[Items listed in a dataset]
╔══

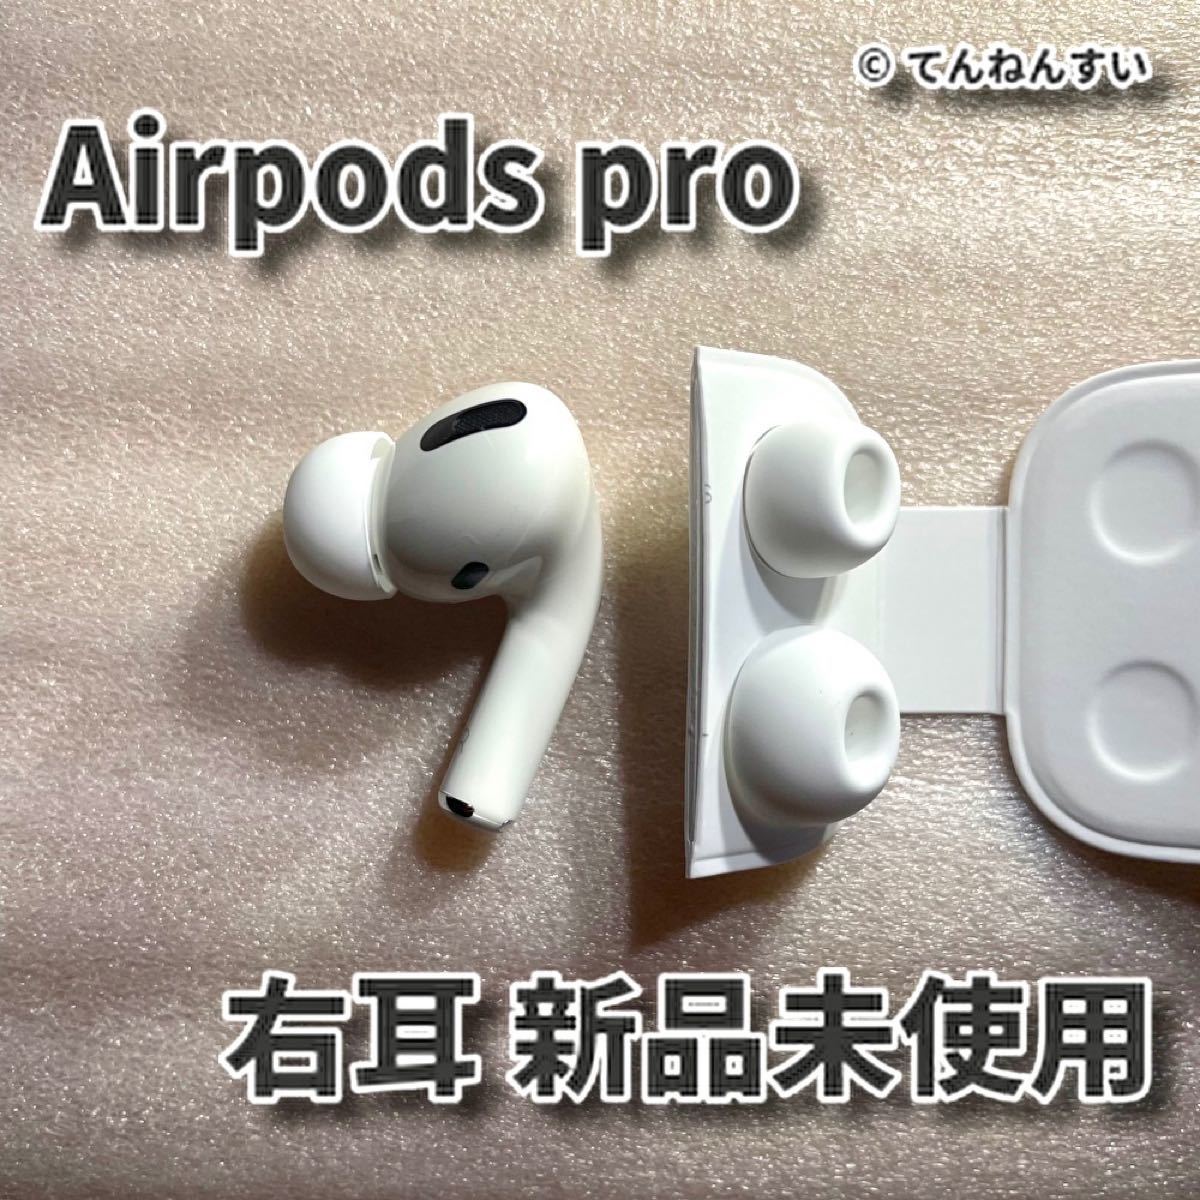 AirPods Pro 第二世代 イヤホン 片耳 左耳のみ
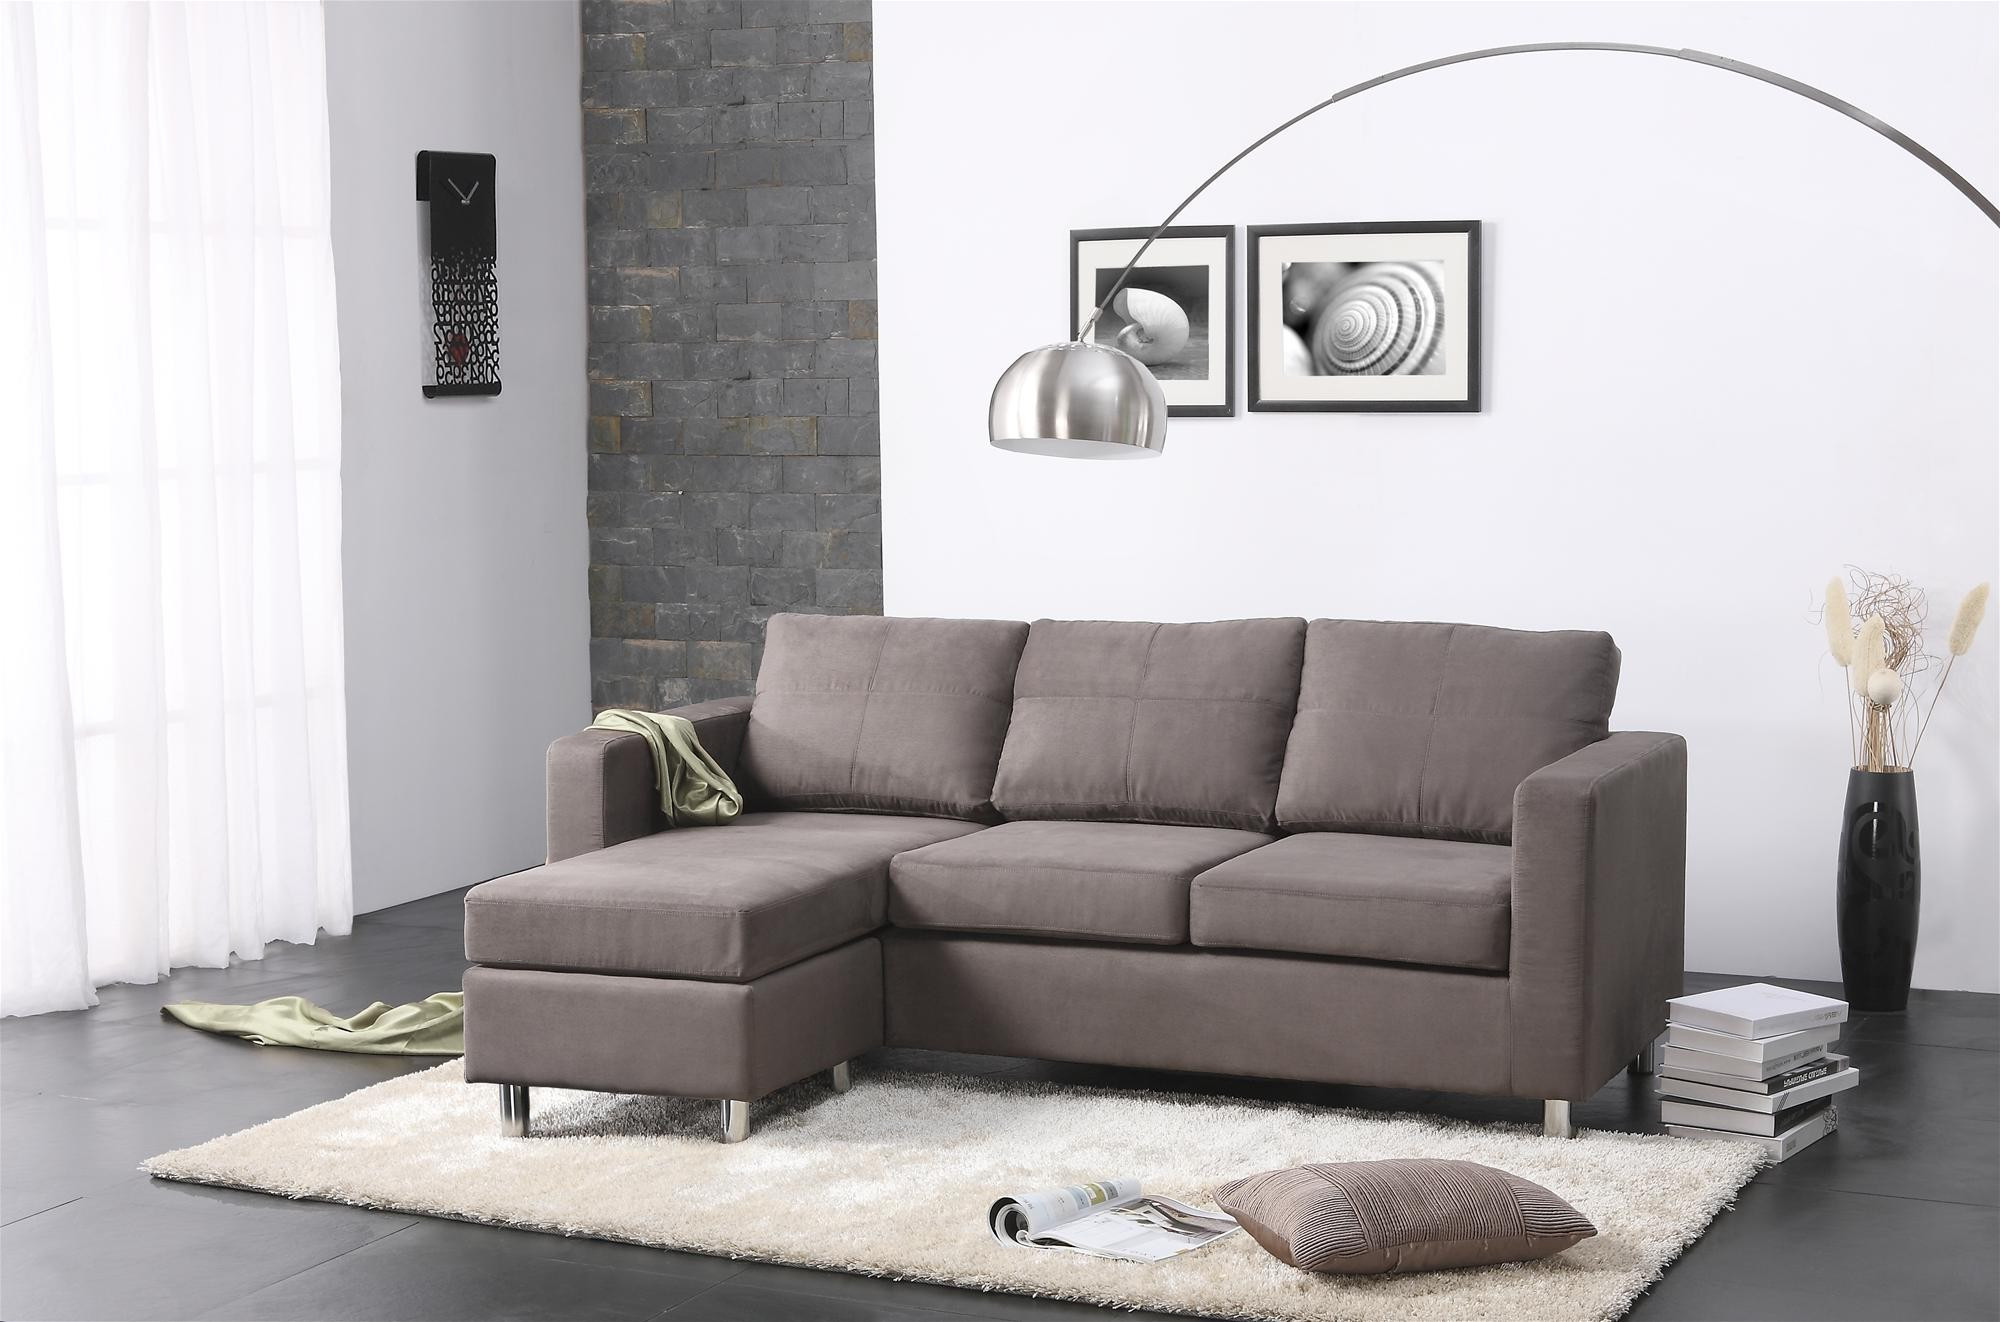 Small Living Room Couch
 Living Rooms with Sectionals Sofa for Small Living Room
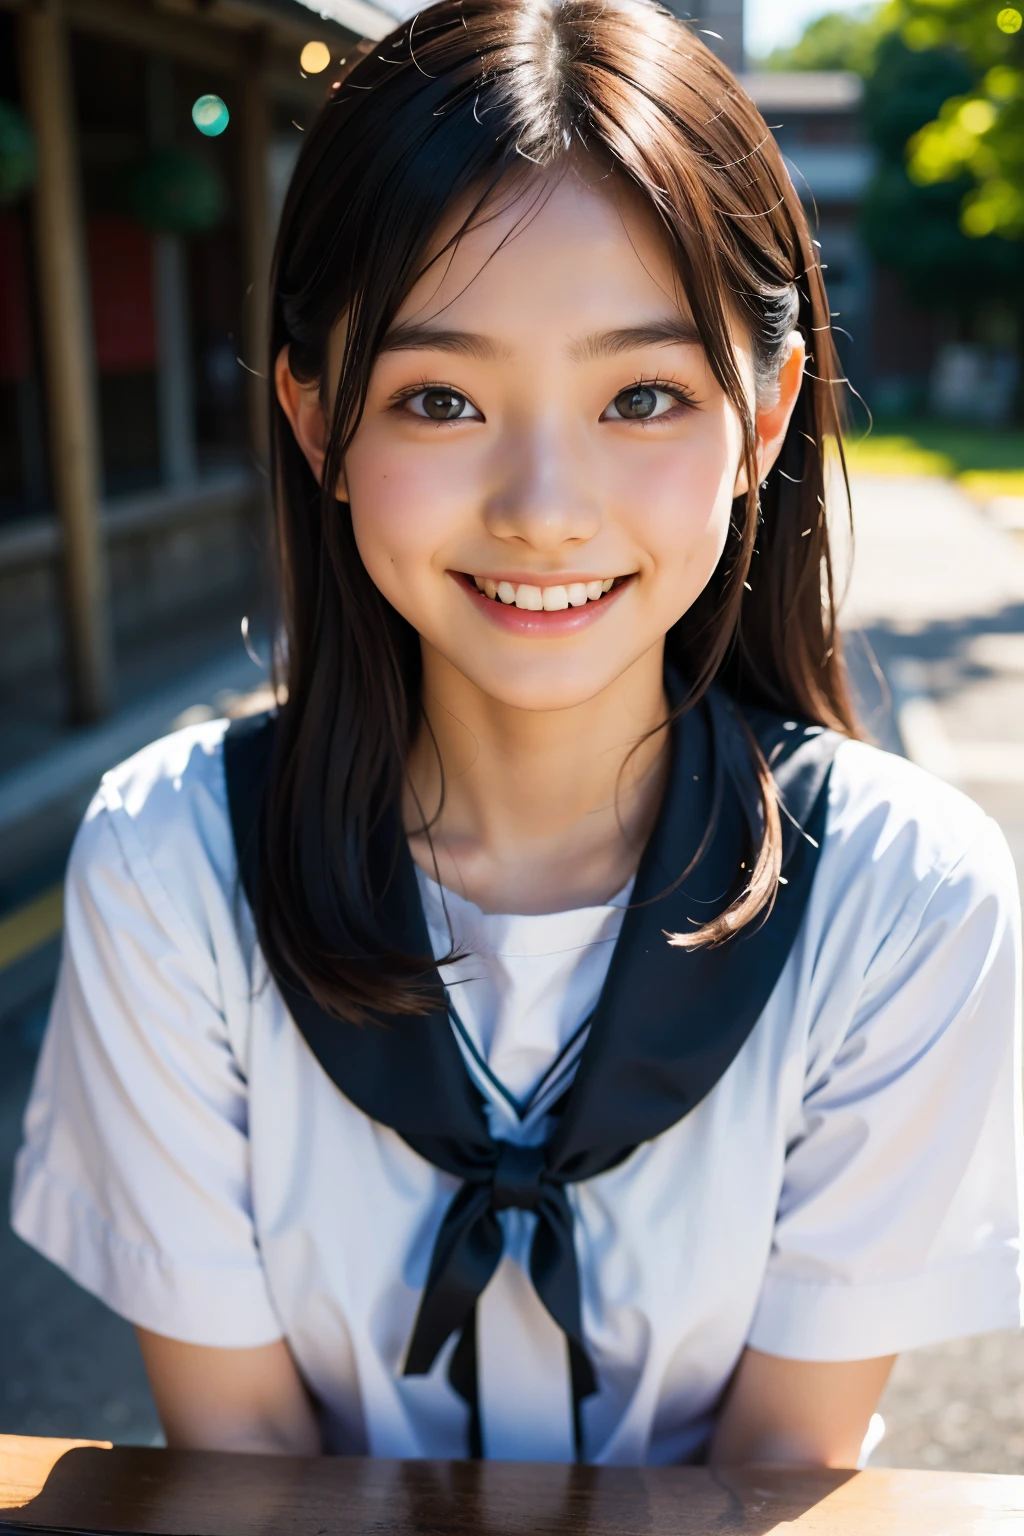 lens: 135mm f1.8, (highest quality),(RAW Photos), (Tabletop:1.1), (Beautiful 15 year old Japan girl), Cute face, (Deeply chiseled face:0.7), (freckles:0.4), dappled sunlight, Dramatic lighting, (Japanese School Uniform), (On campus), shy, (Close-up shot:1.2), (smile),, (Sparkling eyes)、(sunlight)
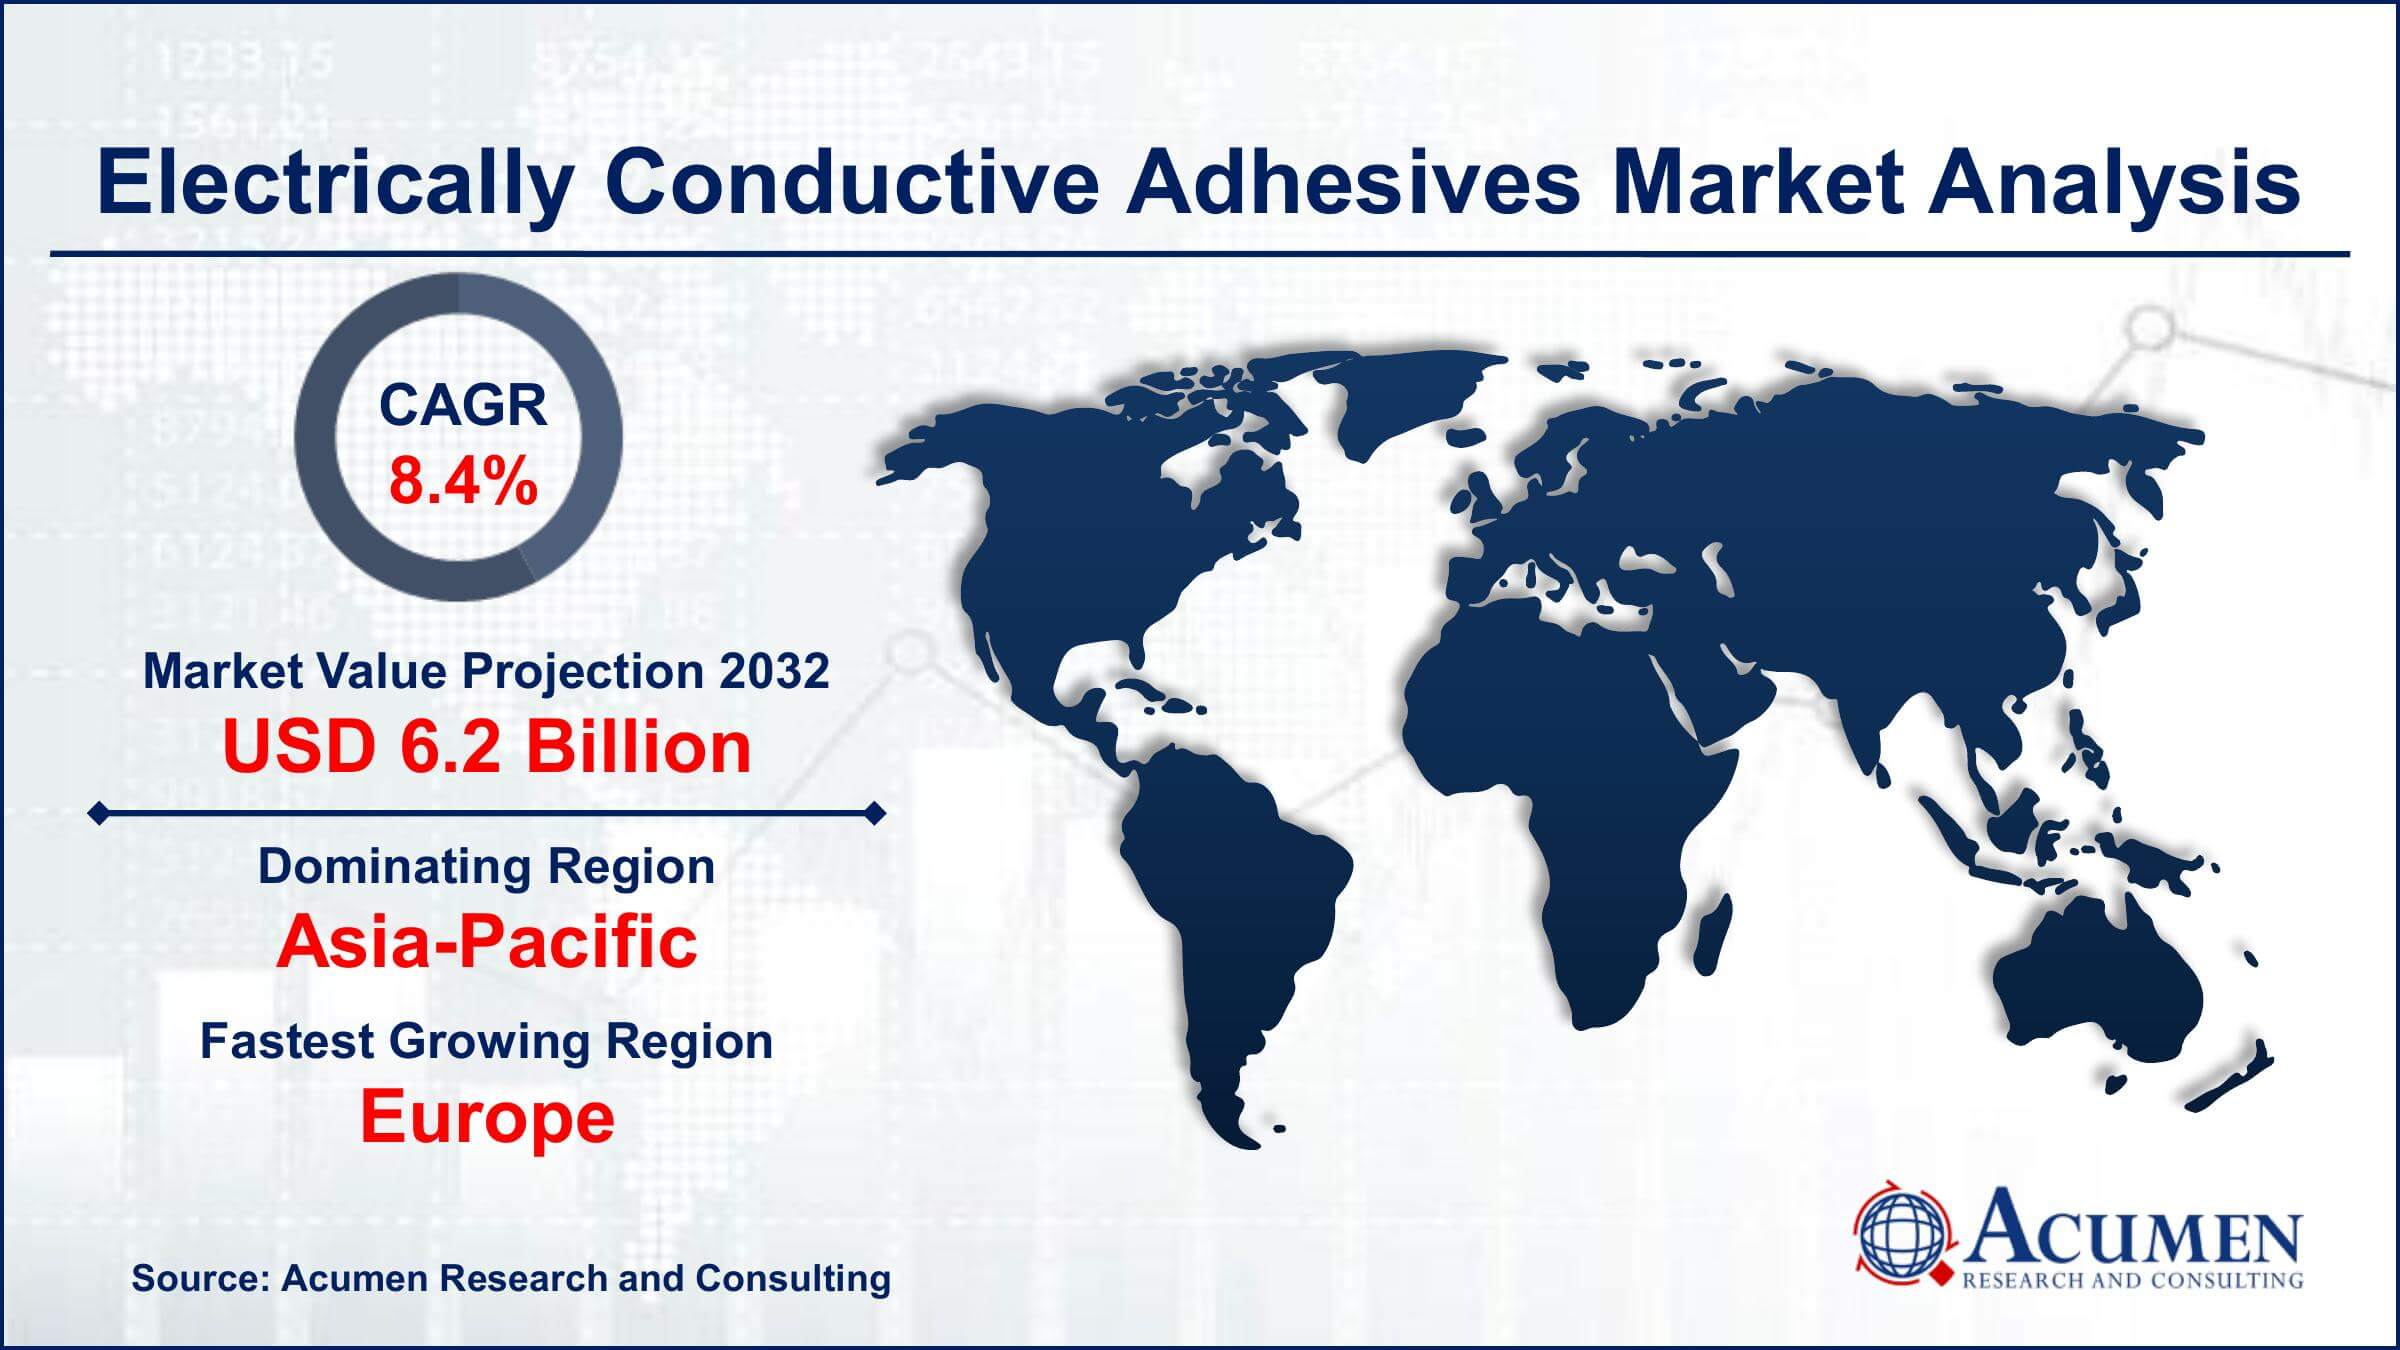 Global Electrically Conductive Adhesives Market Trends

╚══

EXERCISE GOAL:
Give back all the records as they stand, but with no pictures in the copy.

OUTPUT OF THE EXERCISE:
 AirPods Pro 第二世代 イヤホン 片耳 左耳のみ
 Small Living Room Couch
 Living Rooms with Sectionals Sofa for Small Living Room
 lens: 135mm f1.8, (highest quality),(RAW Photos), (Tabletop:1.1), (Beautiful 15 year old Japan girl), Cute face, (Deeply chiseled face:0.7), (freckles:0.4), dappled sunlight, Dramatic lighting, (Japanese School Uniform), (On campus), shy, (Close-up shot:1.2), (smile),, (Sparkling eyes)、(sunlight)
 Global Electrically Conductive Adhesives Market Trends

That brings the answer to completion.